These forms will be very useful later when we introduce the inverse of a matrix, vector spaces, and linear transformations. They give us a compact way to represent systems and highlight the structure behind the equations. For now, let us look at an example to see how this works in practice.
Given \(A = \begin{bmatrix} 1 & 2 & 1 & 3 \\ 0 & 2 & 1 & -2 \\ 2 & 1 & 4 & 1 \end{bmatrix}\) as the coefficient matrix and \(X = \begin{bmatrix} 1 \\ 2 \\ 0 \\ 1 \end{bmatrix}\).
Solution
To write the system of linear equation, we need the column vector for the constant, \(b). Thus first we compute the right-hand side \(b = AX\):
\[
b
= \begin{bmatrix} 1 & 2 & 1 & 3 \\ 0 & 2 & 1 & -2 \\ 2 & 1 & 4 & 1 \end{bmatrix}
\begin{bmatrix} 1 \\ 2 \\ 0 \\ 1 \end{bmatrix}
= \begin{bmatrix}
1(1)+2(2)+1(0)+3(1) \\
0(1)+2(2)+1(0)-2(1) \\
2(1)+1(2)+4(0)+1(1)
\end{bmatrix}
= \begin{bmatrix} 8 \\ 2 \\ 5 \end{bmatrix}.
\]
The augmented matrix \([A \mid b]\) for the system \(AX=b\) is
\[
\left[\, A \mid b \,\right]
= \left[ \begin{array}{cccc|c}
1 & 2 & 1 & 3 & 8 \\
0 & 2 & 1 & -2 & 2 \\
2 & 1 & 4 & 1 & 5
\end{array} \right].
\]
Exercise
In Exercises \(\PageIndex{1}\) - \(\PageIndex{12}\), row and column vectors \(\vec{u}\) and \(\vec{v}\) are defined. Find the product \(\vec{u}\vec{v}\), where possible.
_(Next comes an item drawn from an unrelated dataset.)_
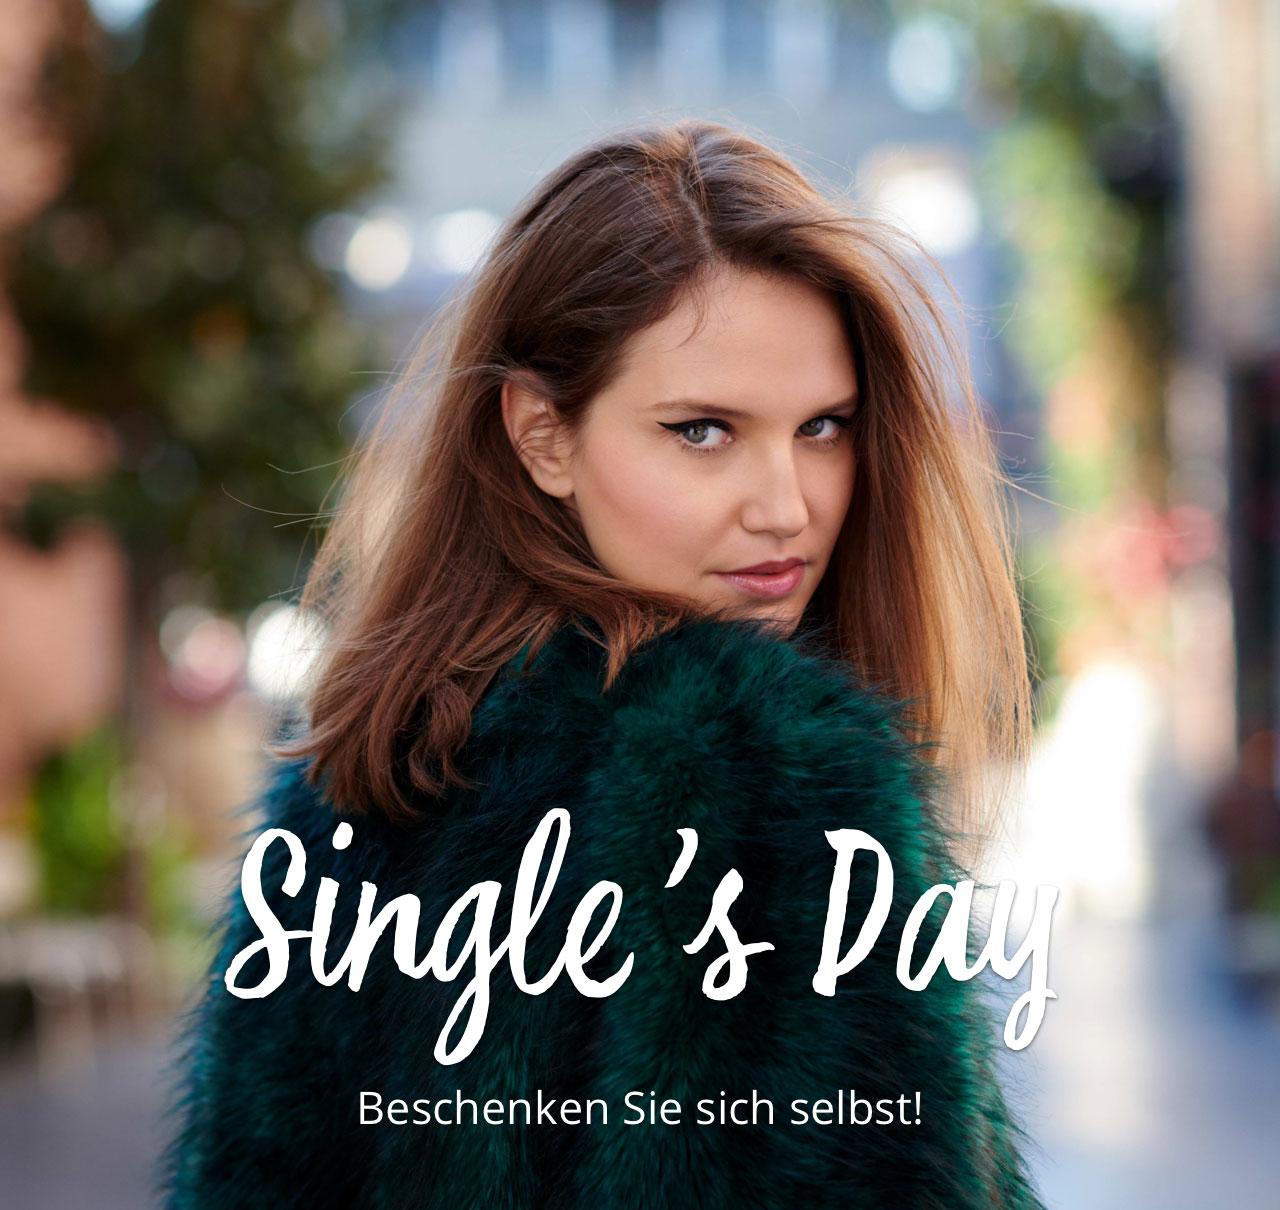 Single's Day Beschenken Sie sich selbst!

\(u=\left[\begin{array}{cc}{1}&{-4}\end{array}\right]\quad v=\left[\begin{array}{c}{-2}\\{5}\end{array}\right]\)
- Answer
-
\(-22\)
\(u=\left[\begin{array}{cc}{2}&{3}\end{array}\right]\quad v=\left[\begin{array}{c}{7}\\{-4}\end{array}\right]\)
- Answer
-
\(2\)
\(\vec{u}=\left[\begin{array}{cc}{1}&{-1}\end{array}\right]\quad\vec{v}=\left[\begin{array}{c}{3}\\{3}\end{array}\right]\)
- Answer
-
\(0\)
\(a=\left[\begin{array}{cc}{0.6}&{0.8}\end{array}\right]\quad b=\left[\begin{array}{c}{0.6}\\{0.8}\end{array}\right]\)
- Answer
-
\(1\)
\(b =\left[\begin{array}{ccc}{1}&{2}&{-1}\end{array}\right]\quad d=\left[\begin{array}{c}{2}\\{1}\\{-1}\end{array}\right]\)
- Answer
-
\(5\)
\(a =\left[\begin{array}{ccc}{3}&{2}&{-2}\end{array}\right]\quad b=\left[\begin{array}{c}{-1}\\{0}\\{9}\end{array}\right]\)
- Answer
-
\(-21\)
\(a=\left[\begin{array}{ccc}{8}&{-4}&{3}\end{array}\right]\quad b=\left[\begin{array}{c}{2}\\{4}\\{5}\end{array}\right]\)
- Answer
-
\(15\)
\(a=\left[\begin{array}{ccc}{-3}&{6}&{1}\end{array}\right]\quad b=\left[\begin{array}{c}{1}\\{-1}\\{1}\end{array}\right]\)
- Answer
-
\(-8\)
\(a=\left[\begin{array}{cccc}{1}&{2}&{3}&{4}\end{array}\right]\quad b=\left[\begin{array}{c}{1}\\{-1}\\{1}\\{-1}\end{array}\right]\)
- Answer
-
\(-2\)
\(b=\left[\begin{array}{cccc}{6}&{2}&{-1}&{2}\end{array}\right]\quad c=\left[\begin{array}{c}{3}\\{2}\\{9}\\{5}\end{array}\right]\)
- Answer
-
\(23\)
\(a=\left[\begin{array}{ccc}{1}&{2}&{3}\end{array}\right]\quad b=\left[\begin{array}{c}{3}\\{2}\end{array}\right]\)
- Answer
-
Not possible.
\(\vec{u}=\left[\begin{array}{cc}{2}&{-5}\end{array}\right]\quad\vec{v}=\left[\begin{array}{c}{1}\\{1}\\{1}\end{array}\right]\)
- Answer
-
Not possible.
In Exercises \(\PageIndex{13}\) - \(\PageIndex{27}\), matrices \(A\) and \(B\) are defined.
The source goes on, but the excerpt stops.